EXERCISE MATERIALS:
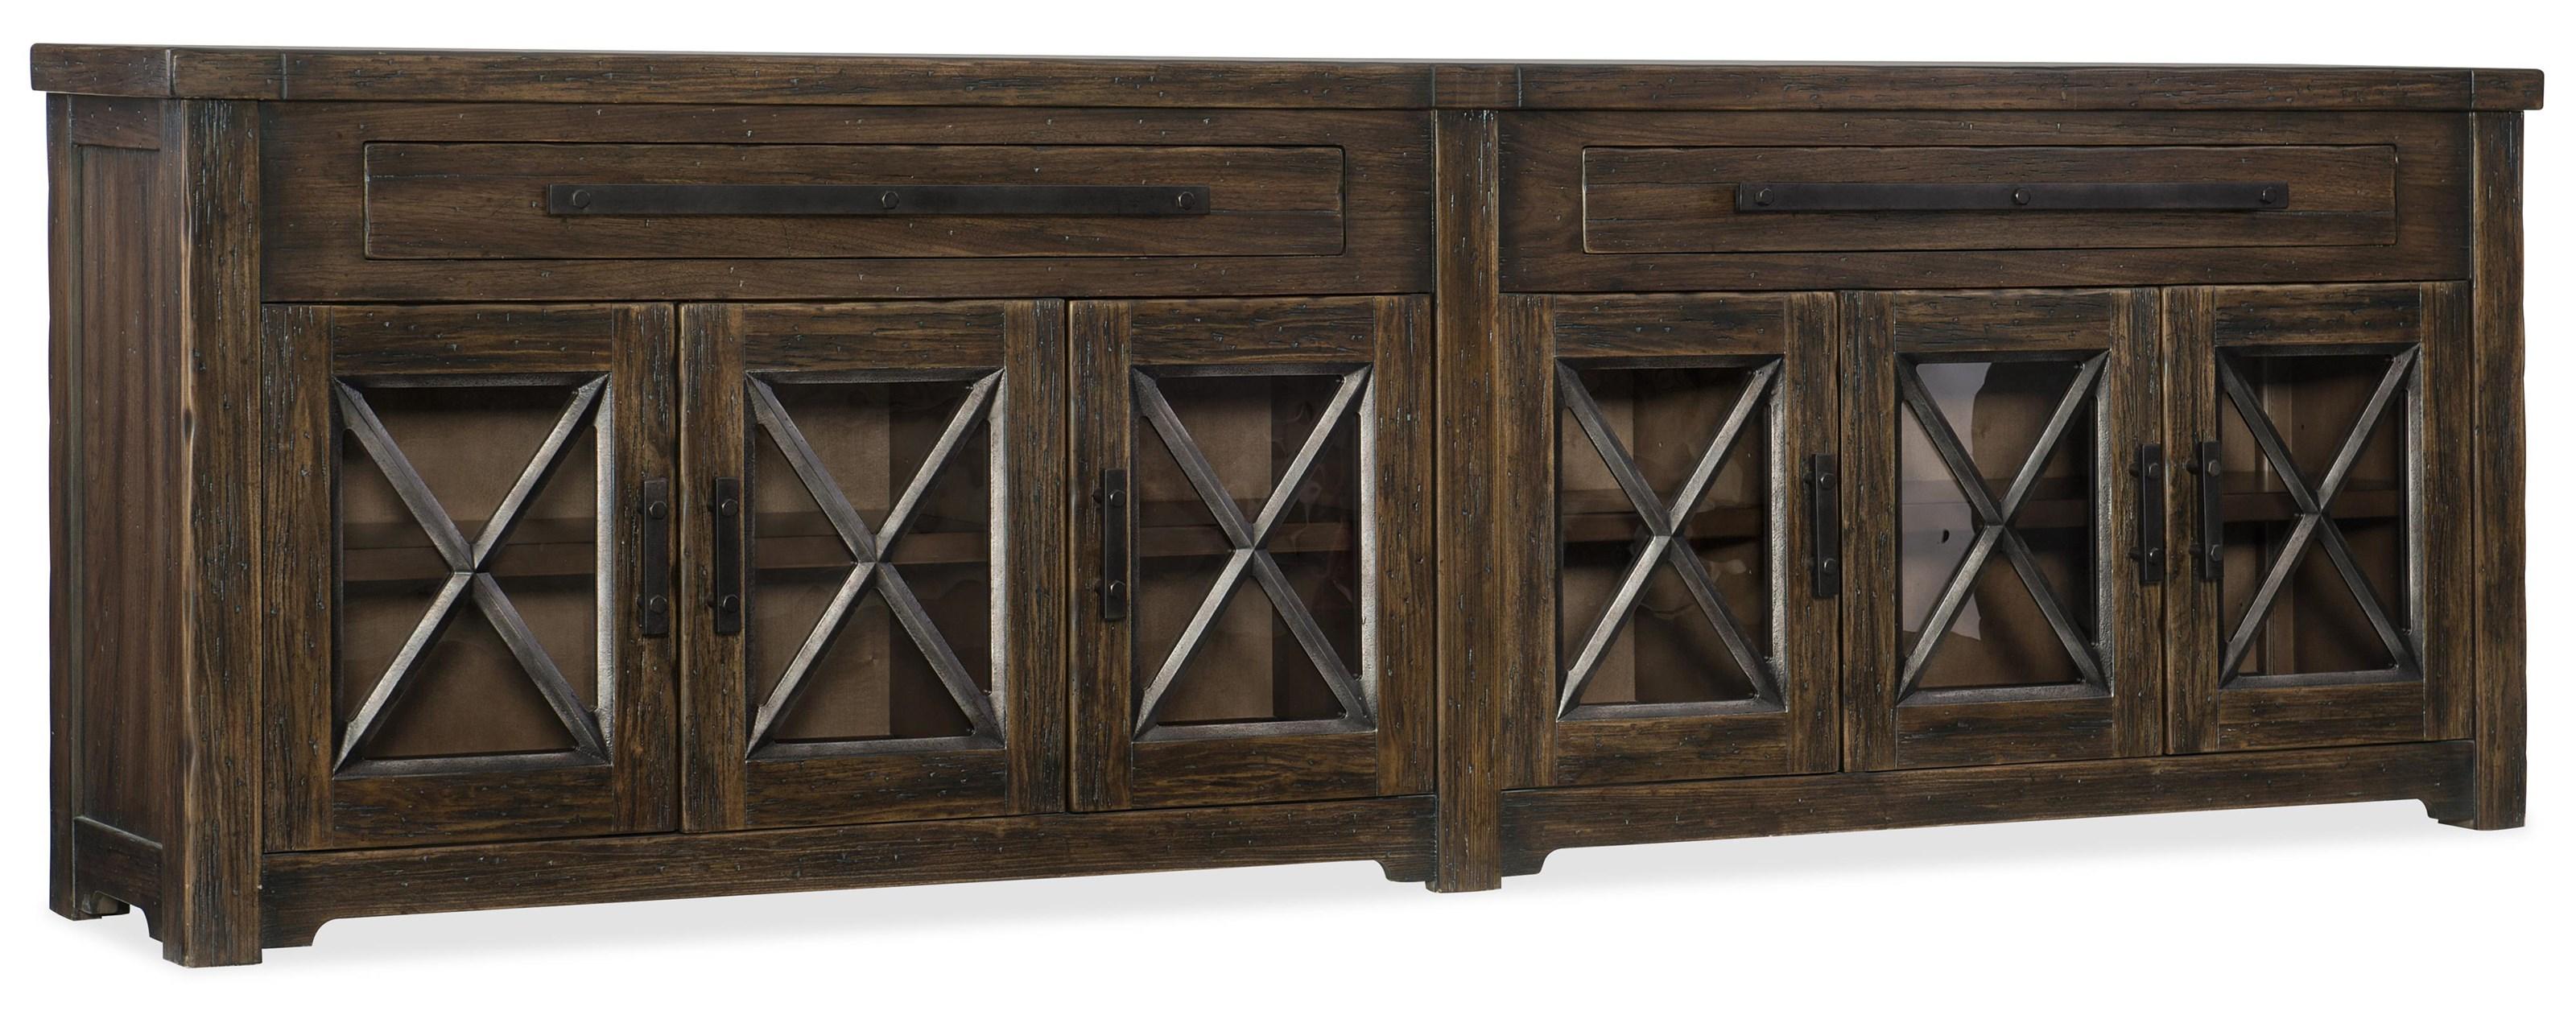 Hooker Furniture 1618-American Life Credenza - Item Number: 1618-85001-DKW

...

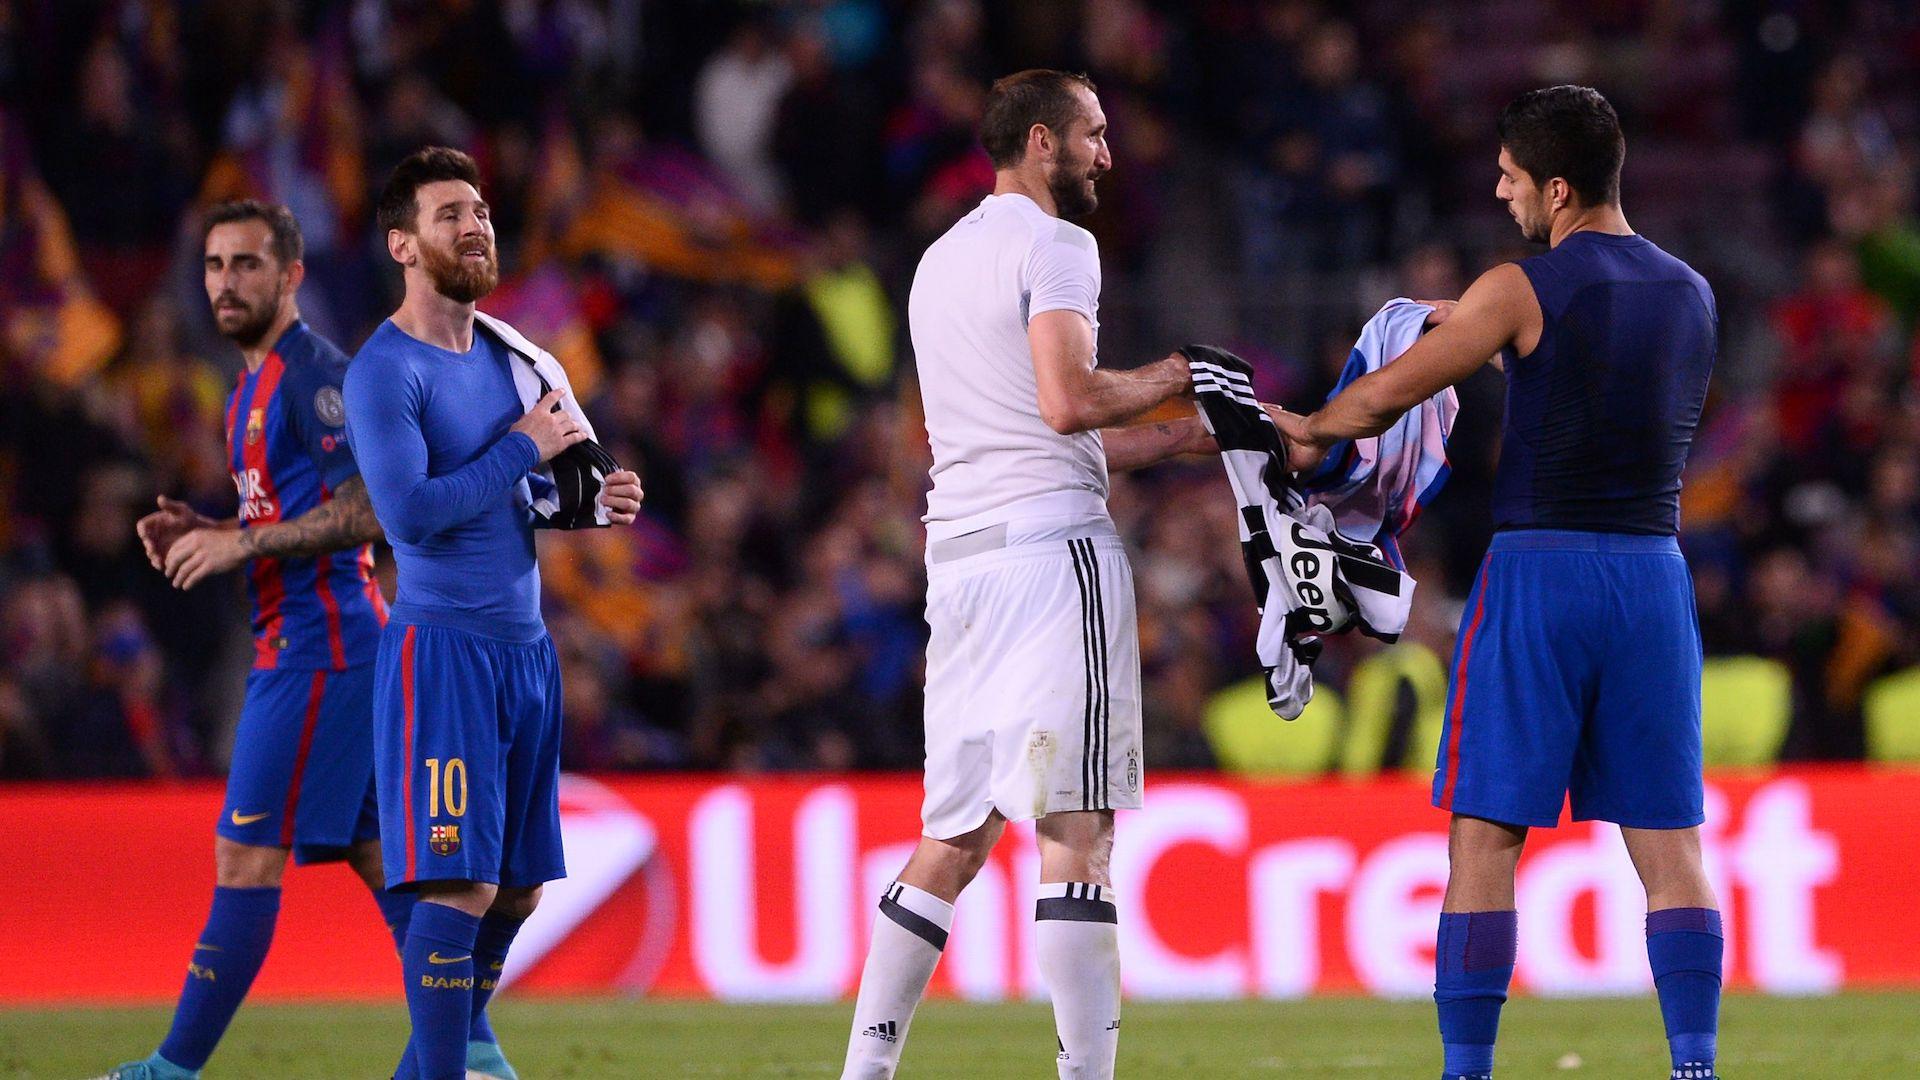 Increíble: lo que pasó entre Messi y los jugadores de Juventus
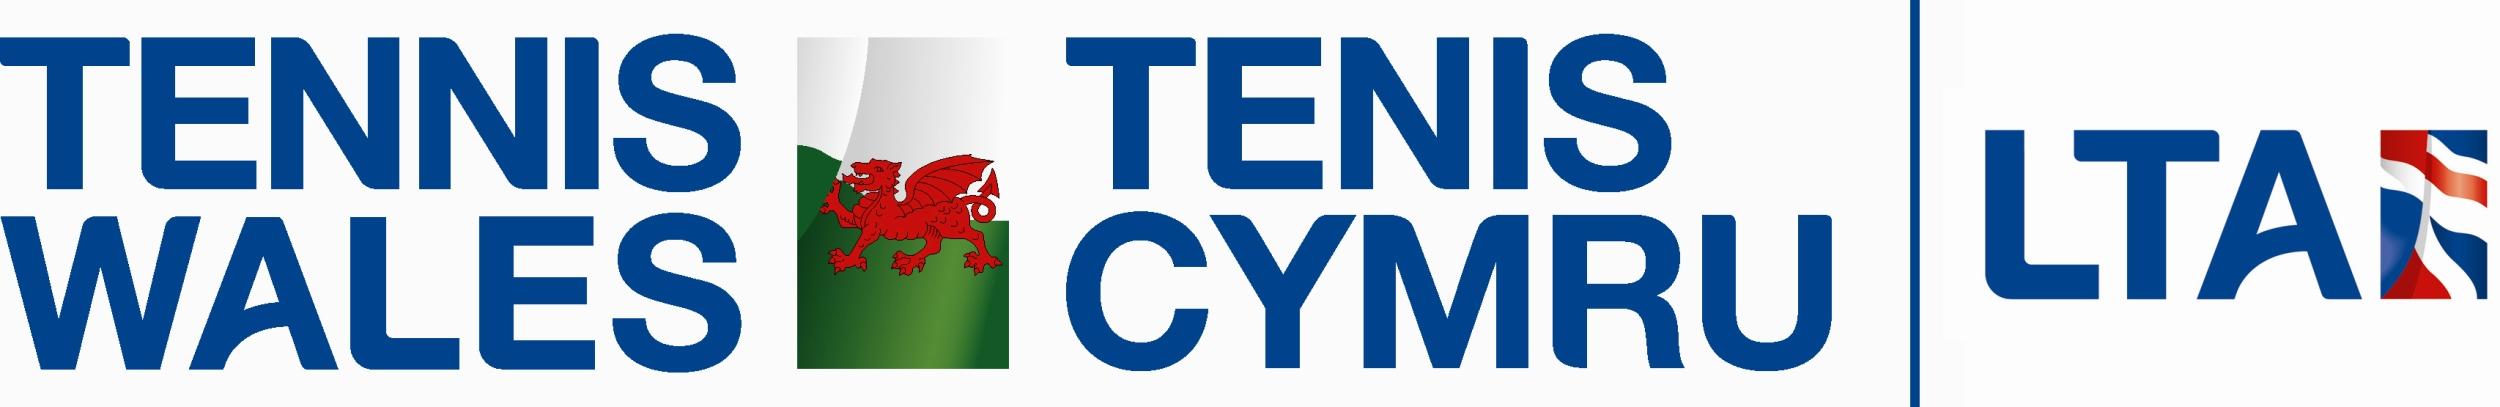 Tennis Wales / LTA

ACTIVITY: The stretch to restate runs from the line above containing "Increíble: lo que" through the line containing "Tennis Wales / LTA". Copy it word for word, ends included, without pictures.

YOUR SOLUTION:
 Increíble: lo que pasó entre Messi y los jugadores de Juventus
 Tennis Wales / LTA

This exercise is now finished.